Он сел в позу лотоса, сделал несколько глубоких вдохов и выдохов, затянул: «Оммммммммм!»
— А мне что делать? — спросила женщина, которая не успела ещё убрать за ними грязную посуду.
— А вы садитесь к нему спиной и молчите, а то лекаря нельзя отвлекать, — посоветовал Тае.
Так и сделали, женщина села спиной и сидела. А Дорже начал нарезать круги вокруг неё, издавая утробные звуки и жестикулируя руками. Прошло минут двадцать.
— Всё! — сказал Дорже. — Теперь нужно восстановить силы, нет ли у вас чая и чего-нибудь ещё перекусить?
Женщина приготовила чай.

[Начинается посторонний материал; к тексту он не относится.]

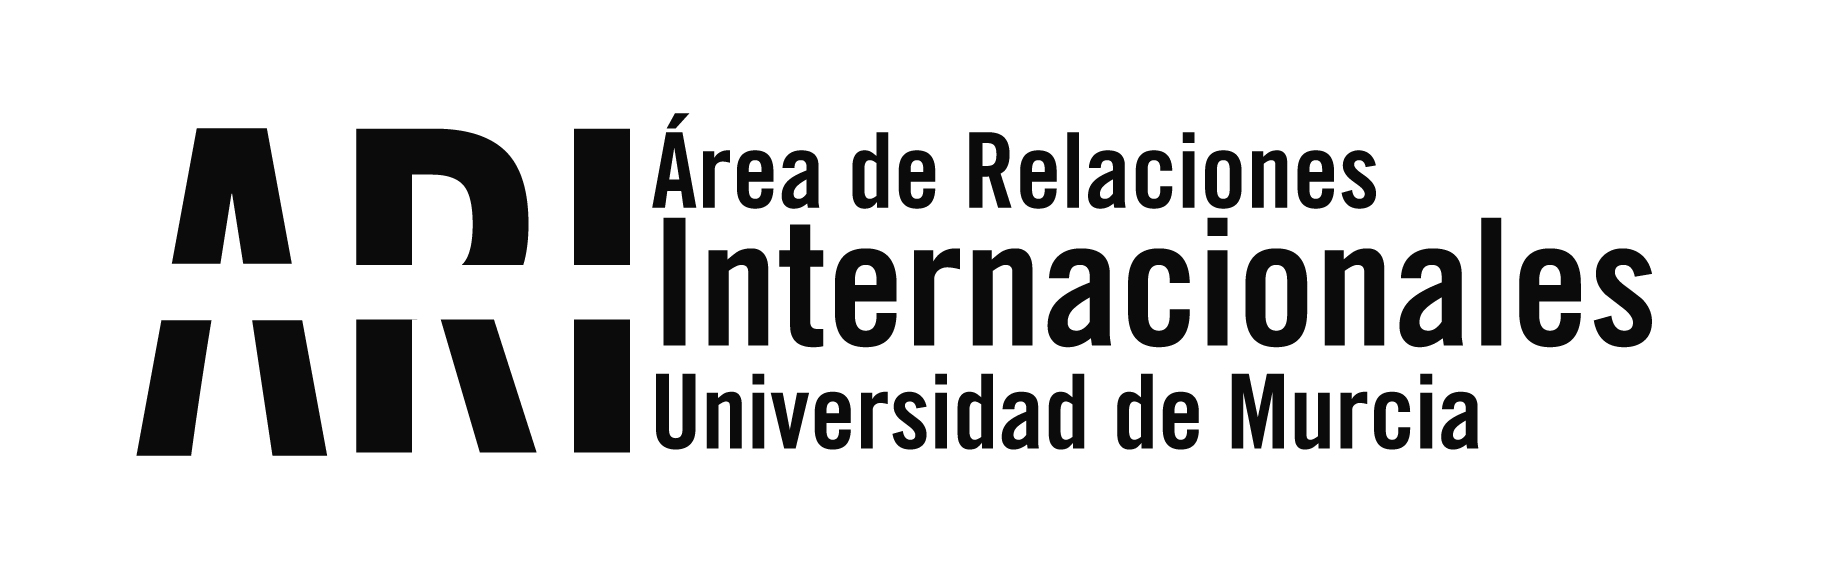 20180913 Sesión Orientacion Lationamerica - Eventos - Área de Relaciones Internacionales

Достала медовые соты.
— Вот всё, что у меня осталось, — развела она руками.
— Пойдет, — сказал Дорже. — Завтра ваша спина пройдет. Но, всё зависит от того, конечно, насколько вы хорошо очистите свою карму! Насколько вы хорошо устроите монахов на ночлег, сами понимаете.
Женщина приготовила постели монахам, сама улеглась на циновке, прикрывшись шерстяным платком. Уснуть она не могла полночи, так как последователи Дхармы уж очень сильно храпели по очереди.
Утром они её разбудили, поблагодарив за ночлег и пообещав процветание и благоденствие, здоровье и счастье.
Женщина, совершенно не выспавшаяся, скрюченная ещё больше от боли в пояснице, разыгравшейся от сна на холодном полу, попрощалась с ними и поковыляла в своё жилище…
Ещё мы любили зло подшутить над другими людьми, потому что думали, что все остальные — такие же мошенники, как и мы. Однажды, остановившись в одной юрте, мы услышали от местного жителя, что по пути нам встретится гора, где в пещере проводит свой ретрит Тендол, знаменитый практик Чода. Хозяин юрты долго распространялся о достоинствах Тендола, о его глубоких постижениях и необычных силах.
— Тендол — великий практик! Он творит настоящие чудеса! — рассказывал друзьям хозяин очередного дома, где они остановились. — Он может останавливать собственное сердце! А затем снова заставляет его биться.
— Да? — переспросил Тае. — А кто его проверял, что он не дышит?
— Ну, люди рассказывали, мой двоюродный брат был тому свидетелем! — слегка смутился хозяин дома.
— Это всё равно ничего не значит!
— Да вы, пожалуй, сами можете проверить — как раз на вашем пути его пещера, можете зайти к нему и спросить о его умениях.
Но главное даже не это. Главное — он может останавливать демонов. Однажды в одной из деревень наступил мор. Гибли все, животные и люди. Вызвали монахов, хотели провести обряд очищения, а они сказали, что тут справится только практикующий Чод. На деревню напали демоны и потому происходит мор.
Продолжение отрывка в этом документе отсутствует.